Thursday, January 28, 2016

Life as a Summons with David Brooks


            Lately, a book keeps coming to my mind that I think has some strong points on character that I have found helpful. I thought I would share one of the strongest points of the book.
            David Brooks (The Road to Character, 2015) refers to two different classes of virtues we write in the course of our lives. One class is the resume virtues. The resume is the career-oriented, ambitious side of our nature. We want to conquer. We want to build, create, produce, and discover things. We have high status and win victories. This resume focuses upon the external matters. We are creative and savor our accomplishments. We want to venture forth into the world and away from home. Brooks will opine that resume virtues in our culture suggests that our accomplishments can provide a deep sense of satisfaction. However, the desires of the resume virtues are infinite. We will never find genuine happiness and satisfaction focusing upon them. The second class of virtues is funeral virtues. They are the virtues we hope people might highlight at our funeral.
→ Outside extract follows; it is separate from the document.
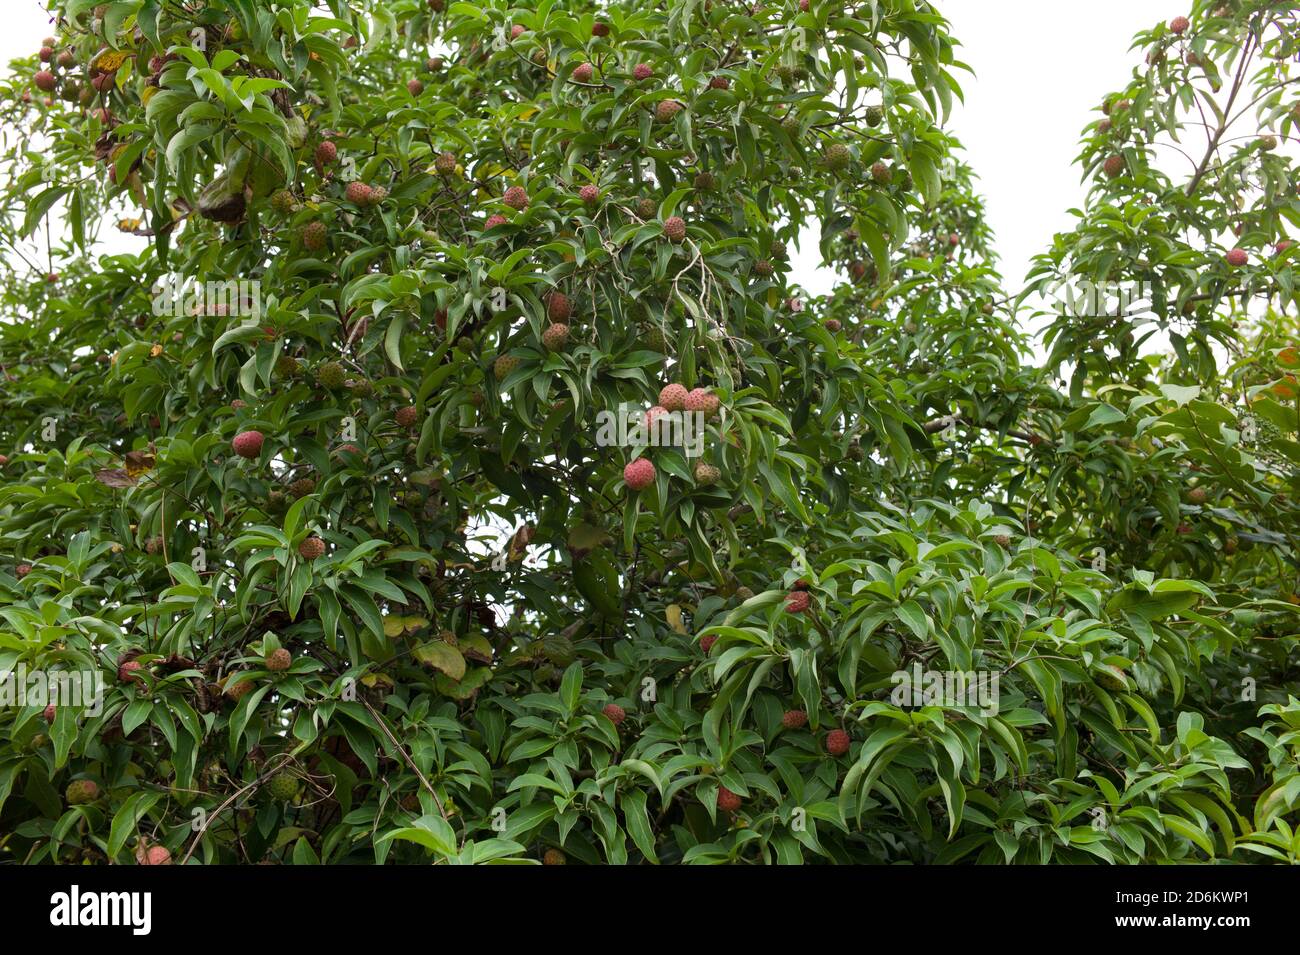 Cornus kousa with fruit and other shrubs in a domestic setting Stock Photo

We want to obey a calling to serve the world. These are the inner virtues, the moral qualities we want to develop. We want more than to do well. We want to be good. We want to love intimately, to sacrifice self in the service of others, to live in obedience to some transcendent truth, to have a cohesive inner soul that honors creation and our possibilities. We might renounce worldly success and status for the sake of some sacred purpose. A primary question we answer in the funeral virtues is why we are here. We often want to return home, savor our roots, and savor the warmth of a family meal.


The art of living is learning to balance the building resume virtues as they confront the funeral virtues. Confrontation is the proper word, for the resume logic is utilitarian. Effort leads to reward. Practice makes perfect. Pursue self-interest. Maximize your utility. Impress the world. Cultivate your strengths. The funeral virtue is a moral logic. You have to give to receive, surrender to something outside yourself, and conquer your desire to get what you crave. Success can lead to pride. Failure can lead to great success. In order to fulfill yourself, forget yourself. In order to find yourself, you have to lose yourself.  Confront your weaknesses.

The art of living will involve cultivating humility, a “going down” before you can “rise up.” This concern for pride going before the fall is part of the journey. Yet, the journey does not mean they receive healing of their weaknesses. One can find a vocation or calling. One can commit to some long obedience and dedicate oneself to something that gives life its purpose.

In Chapter 2, Brooks refers to the importance of responding to a summons. He refers to the idea of discovering your passion, trusting feelings, and finding purpose. The assumption in such language is that the answer is inside of us. Therefore, the first step in the business plan of your life is to take an inventory of your gifts and passions, set your goals, and adopt a strategy to accomplish the goals. As William Ernest Henley put it in his poem “Invictus,” 

I am the master of my fate
I am captain of my soul.
 
It appeals to our sense of individual autonomy and fascination with self. It answers the question, “What do I want from life?” In contrast, Brooks says, if we focus upon the funeral virtues, the question to which we respond is “What does life want from me? What are my circumstances calling me to do?” We respond to the summons of life. It begins with our embeddedness in a community of people, circumstances, and inter-relations. Frederick Buechner famously put it, “At what points do my talents and deep gladness meet the world’s deep need?” Viktor Frankl, in Man’s Search for Meaning (1946), said that it did not matter what we expected from life, but what life expected from us. We need to stop asking about the meaning of life and instead think of ourselves as those of whom life asks questions. He concluded that life had given him a moral and intellectual assignment. Such a calling or vocation feels like the person has no choice in the matter. In reality, of course, any of us can run away. We will usually do so with dire results. If one pursues it, however, one’s life becomes unrecognizable without the calling.

            Much food for thought (I know that is a cliché, but maybe a good phrase here) at this stage of my life. I need to chew on it for a while. I thought it might be good spiritual food for you as well.